My word came rushing in.

When it was my turn to share, I said yes.

My teacher smiled. She knew I was working on this. She knew all the infinite little meanings I had wrapped up into that one small, simple word.

Yes.

What if, for just one day or one hour even, all you said was yes to your internal experience, anything and everything happening within you? 

You said yes to anger.

Yes to sadness.

Yes to pain.

Yes to tears.

You said yes to a smile.

Yes to joy.

Yes to curiosity.

Yes to a giggle.

 And yes to the mundane.

The boredom.

The ordinary.

Yes to the expected.

And the extraordinary.

 Yes.

Most of us are used to saying no. We are used to shutting down or fixing our experience. It shouldn’t be this way! I want to get rid of this!
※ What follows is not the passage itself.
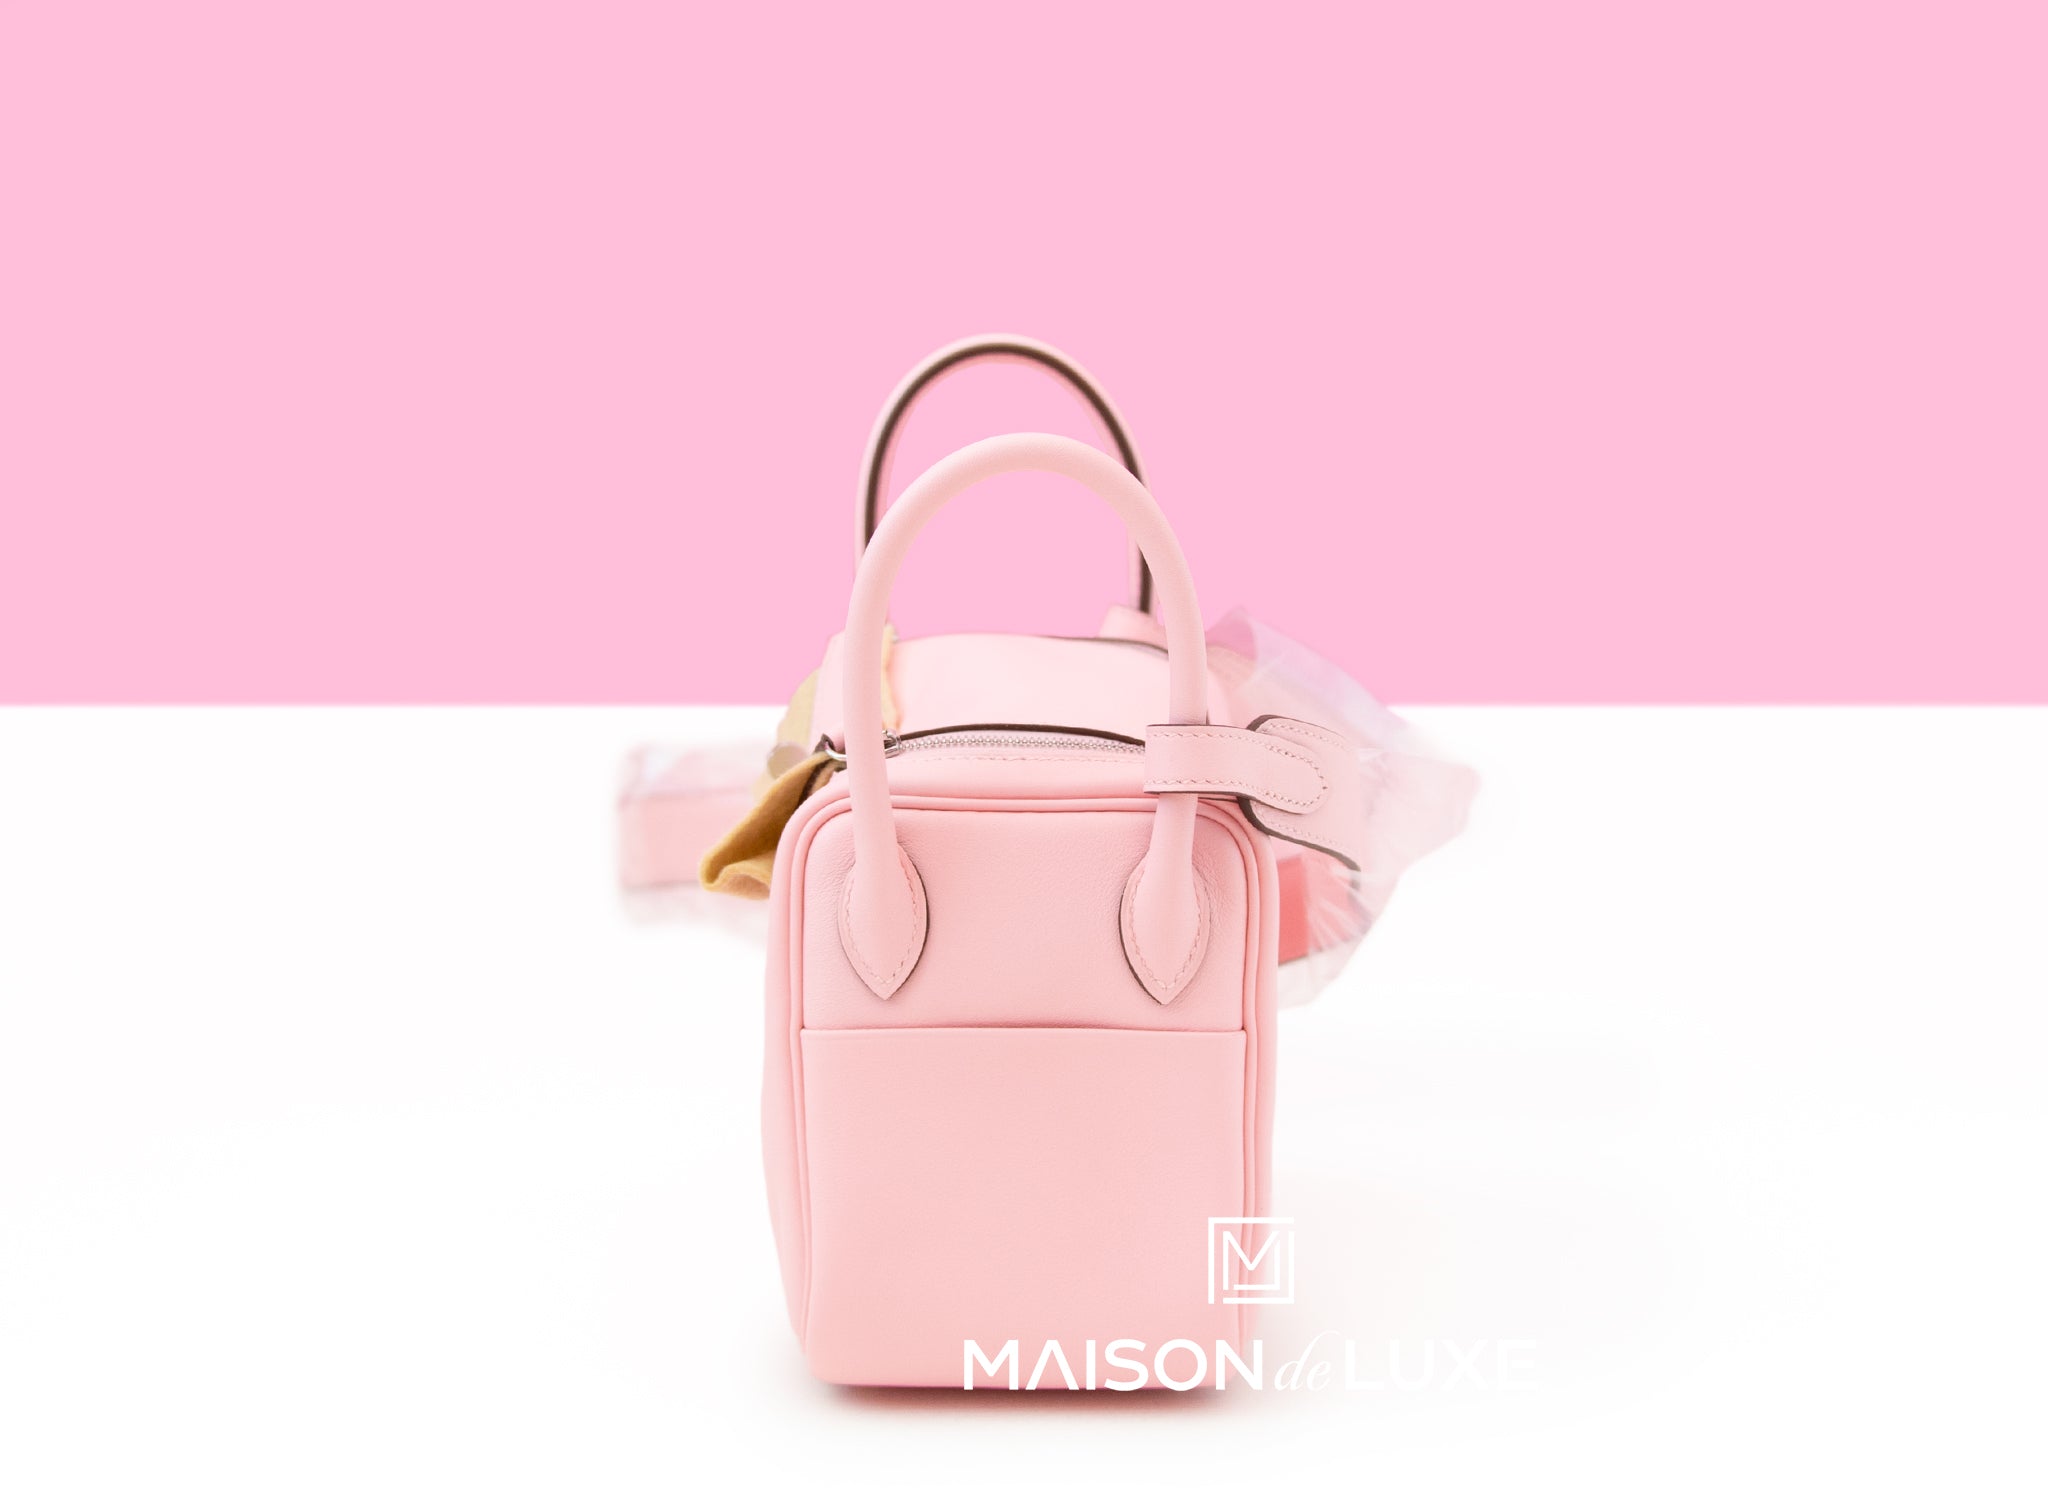 Hermes Mini Kelly I Bag 3Q Pink Sakura Swift GHW
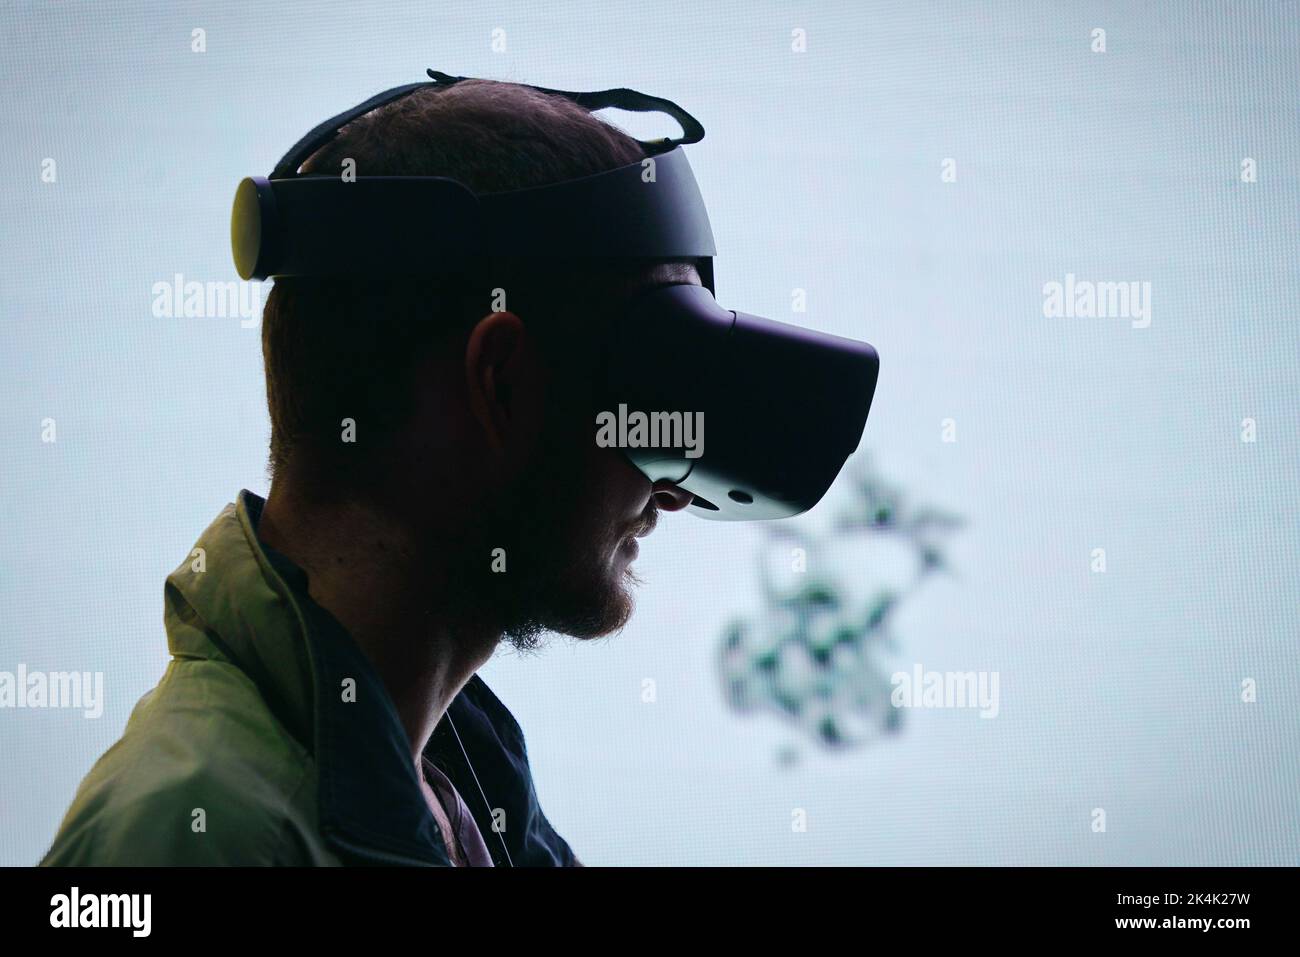 Exposition de réalité virtuelle. Le jeune homme porte des lunettes de réalité virtuelle fait l'expérience d'une rencontre métaverse. Turin, Italie - septembre 2022 Banque D'Images

What’s wrong with me?! We are more comfortable trying to get out of our experience than actually being with our experience.

The other day I was venting to friends about my postpartum anxiety and how surprisingly hard motherhood has been so far. I was telling them how I couldn’t seem to calm my nervous system – I was jumping out of my skin overplanning and overthinking. I told them I had tried everything and still I didn’t know how to get rid of this feeling!

I came home that night, took some time to look out my window, and made my favorite tea. That’s when I saw it. I saw how I hard I was working. I saw how I was trying to get rid of the anxiety, spending much of my day yelling, No! Go away! I don’t want you here! You suck!

Typically, we don’t give our experience space, or get curious about what’s happening for us. Instead we go to battle. We go ever so hard on ourselves. And you know what never looked so good? Comfort food. Numbing out on social media or Hulu. Those things in my Amazon shopping cart that I/we don’t really need.

That night I made a commitment. No matter how uncomfortable or big the anxiety felt, I would start to say yes to it. For the next several days I said yes probably a hundred times, as I unloaded the dishwasher, brushed my teeth, or rushed out the door. I said yes when I didn’t want to. I said yes even when I was sick of saying yes.

It was helpful for me to remember that I’m more committed to my truth than my comfort – to remember I value connecting to my authentic experience – no matter how painful or hard the feelings might be – versus fighting myself.

In a matter of a few days the anxiety loosened some. I wasn’t free of the anxiety – no, it was, and still is, alive and well. But, now that anxiety knows it has room, it doesn’t have to fight for my attention by becoming a boulder on my back. It can now be a pebble in my hand.

When we say yes something scrumptious happens. We let life in. We let life move through. We work with what is. We see all these highs and lows and ebbs and flows that are part of the human experience. We connect to the full range of emotions and thoughts that are this life.

This is not about being passive if that’s what’s crossing your mind – it’s quite the opposite. This is about actively being with what is. Then you’re working with the truth of it, the rawness of it, your unfiltered reality. So won’t you join me? In saying yes.

Whatever you’re feeling today, yes.

Whatever you’re resisting today, yes.

Whatever comes tomorrow, yes.

Observe the places where you might be saying, well, I can say yes to ____ but never to _____. Can you say yes to the never?

At the same time, it doesn’t have to be a big yes. It can be just an ounce of willingness – leaving the light on, or the door slightly cracked – a small gesture of openness to be with what is, fully, unconditionally, without judgment, freely.